Off the Eaten Path’s guide to visiting Hawaiʻi Volcanoes National Park answers the question everyone planning a Big Island trip is asking: how many days do you need for Hawaiʻi Volcanoes National Park? With highlights from our visit this guide will help you plan every day of your trip.
My sister lives on Oahu, and over the years we’ve been lucky enough to make the trip out to see her in Hawaii several times. While Oahu is stunning and there are no shortage of things to do, we’ve wanted to take advantage of cheaper island hopping flights when we are visiting her and see what the other Hawaiian Islands had to explore.
If you’re not familiar, island hopping is exactly what it sounds like: after a few days on one island, you catch a short inter-island flight and spend a few days somewhere new. The flights are quick (think 30 to 45 minutes), and it’s one of the best ways to experience how dramatically different each island actually is from the others.
We had already been to Maui on a previous trip, and when it came time to pick our next island, the Big Island won out for a few reasons. The Big Island felt more manageable with kids (at the time of our trip, our kids were three and one), and we loved the idea of knocking another national park off our list (we’ve visited the Smokies, Rocky Mountain National Park, five Utah National Parks, Acadia National Park, Glacier National Park, Bruce Peninsula National Park in Canada, and Mackinac Island as a family).
We’re already planning our next island hop to Kauai when we go visit Katie in a couple weeks, but first — here’s everything you need to know about visiting Hawaiʻi Volcanoes National Park, including the question that probably brought you here: how many days do you actually need?
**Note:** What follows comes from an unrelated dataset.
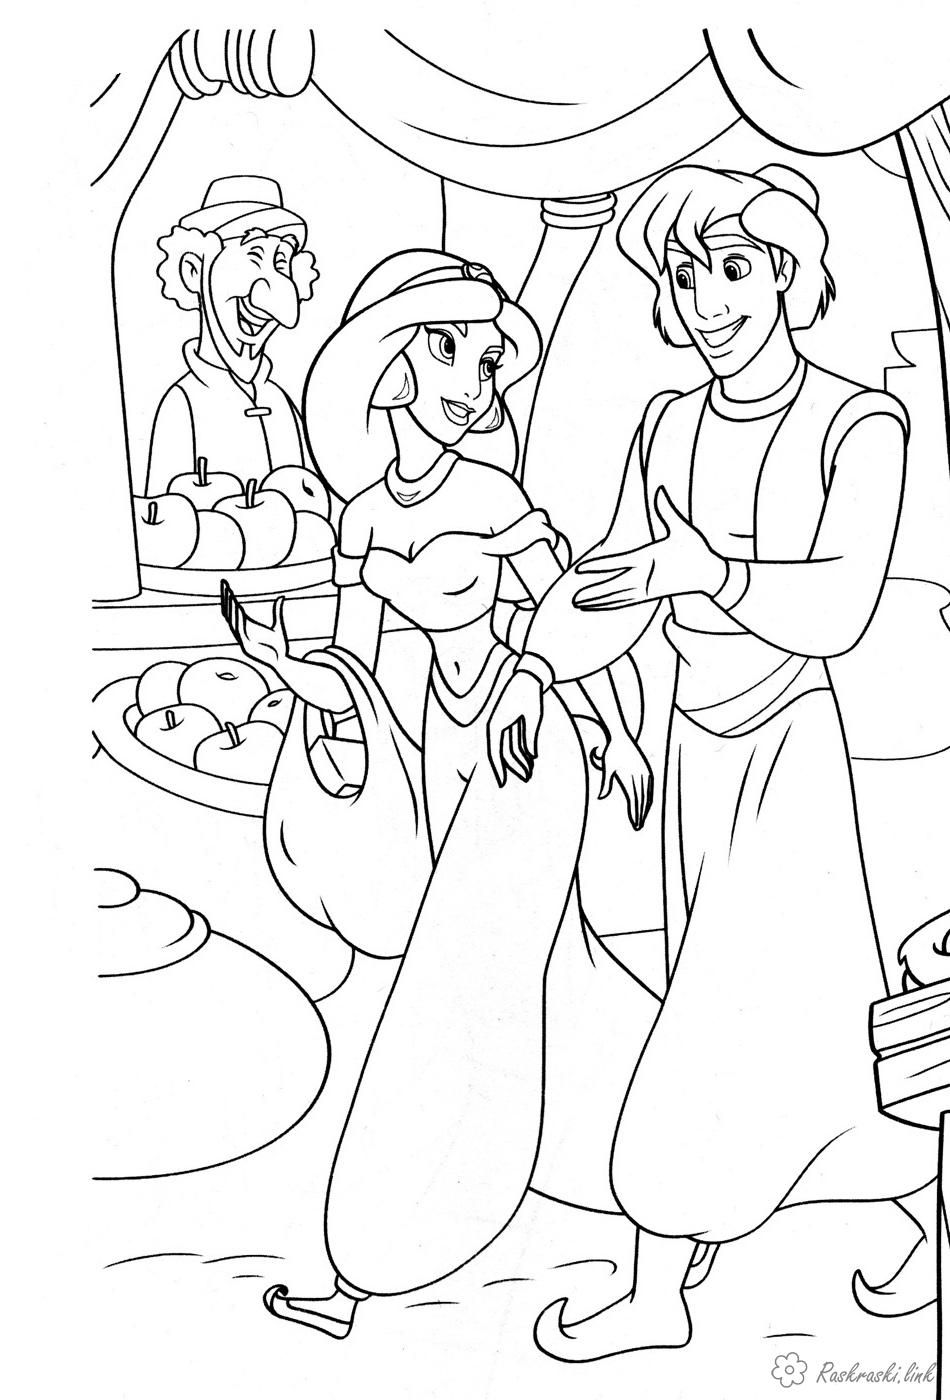 Детская раскраска по мультфильму Алладин | Раскраски ...

The answer is two. And here’s how to make the most of them.
planning your visit to hawaii volcanoes national park
Hawaiʻi Volcanoes National Park is one of the most genuinely awe-inspiring places I have ever been, and it is so much bigger and more varied than I anticipated. Rainforests, ancient petroglyphs, lava tubes, sea arches, and yes — actual active lava. It is unlike any other national park in the country.

If you’re planning a trip to the Big Island and trying to figure out how much time to set aside, here’s my honest answer: two days is the sweet spot. One day is doable but you’ll feel rushed and leave wishing you had more time. Three or more days is great if you’re an avid hiker or want to explore Mauna Loa or the park’s quieter Kahuku Unit. For most families, two full days gives you enough time to see the major attractions, do a couple of great hikes, drive crater rim drive and Chain of Craters Road all the way to the coast, and actually slow down enough to take it all in without feeling like you’re sprinting from stop to stop.
GETTING THERE AND WHERE TO STAY
The nearest airport is Hilo International, about 30 miles northeast of the park. You can also fly into Ellison Onizuka Kona International Airport (and many people do because it tends to have more flight options), but if you’re coming from Kona, plan for about two hours each way (either as a day trip or an overnight trip). No matter which airport you fly into, you’ll definitely need a rental car — there is no public transportation or shuttle service within the park.
A quick note if you’re visiting the park as a day trip from somewhere else on the island: it’s worth getting an early start no matter where you’re based. The park is open 24 hours a day, and getting there before 9am means more parking, fewer crowds on the trails, and cooler temperatures for hiking. If you’re coming from Kona and doing it as a day trip, I’d honestly recommend combining the park with a stop at Punalu’u Black Sand Beach on your way back — it breaks up the drive and is one of the most unique beaches on the island.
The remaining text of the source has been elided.